My hands fly to my mouth to cover my sob, heart hurting for that little boy, and for the man I consider a friend. “His speech!”

Kade nods slowly. “His speech. The language center of his brain was damaged. It makes it hard for him to put together sentences, especially if he’s stressed or around new people. He’s so fucking smart, Becca, but he can’t get the words out.”

“Tell me where his father is now.” My voice is ice cold.

Kade’s eyes are hard as they meet mine. “He’s been dealt with.”

“Where is he, Kade?” I push. I want to find him. I want to break him. I have so many ideas. So many skills. I could make the pain last for days, all without drawing blood.

“He’s dead, Becca.” Those eyes of his are still hard.

My anger dulls a little, but I still need to know. “Did it hurt?”

Kade’s smile would be chilling if I wasn’t perfect ready to kill Micah’s father myself. “Yes, Becca. It did.”

That makes me feel a little better. “Good. That piece of shit should be rotting.”

His smile shifts, warms. “You’re a bloodthirsty woman, Becca. I like it.”

My glare only makes his smile grow. That smile kills me. It starts to knit those snapped threads. I can’t allow that. This man is attracted to me because he met me at my lowest point. He looked at me, and his programming wouldn’t let him walk away.

My sadness over the life he was forced to lead softens my voice.
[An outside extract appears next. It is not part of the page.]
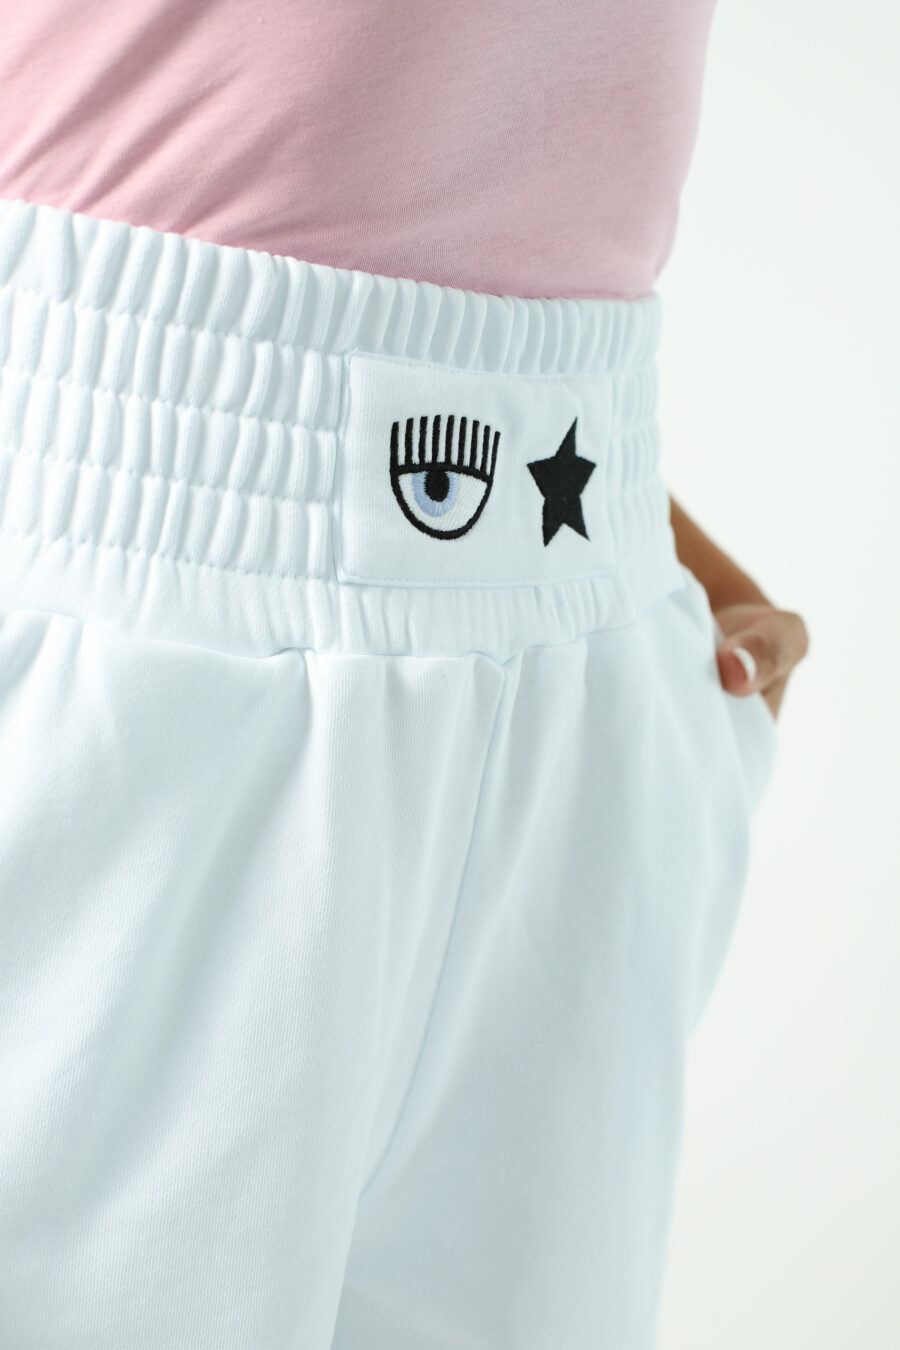 Pantalón de chándal blanco corto con logo ojo y estrella - Photos 2703

“Kade. Thank you for sharing all of that with me. It helps. And it’s okay. I understand why you backed off. We’re okay.”

“What do you understand, Becca?” Kade asks evenly.

I sigh, releasing the last of my anger. Letting all the foolish hope I had built around this man drift away with it. “I understand that you looked at me and saw someone who needed fixing.” I shrug. “I appreciate it, Kade. I do. I was in a not very good spot. My shitty situation met your fucked up past, and you couldn’t do anything but help. I’m grateful. But me sticking around any longer is not good for either of us.”

Kade nods slowly. “Maybe at first, that was true. Helping the girl. Trying to fix her is a pretty solid pattern in my life. More than one of my brothers has pointed that out to me.”

My eyes widen. “Brothers? You’ve only ever mentioned one.”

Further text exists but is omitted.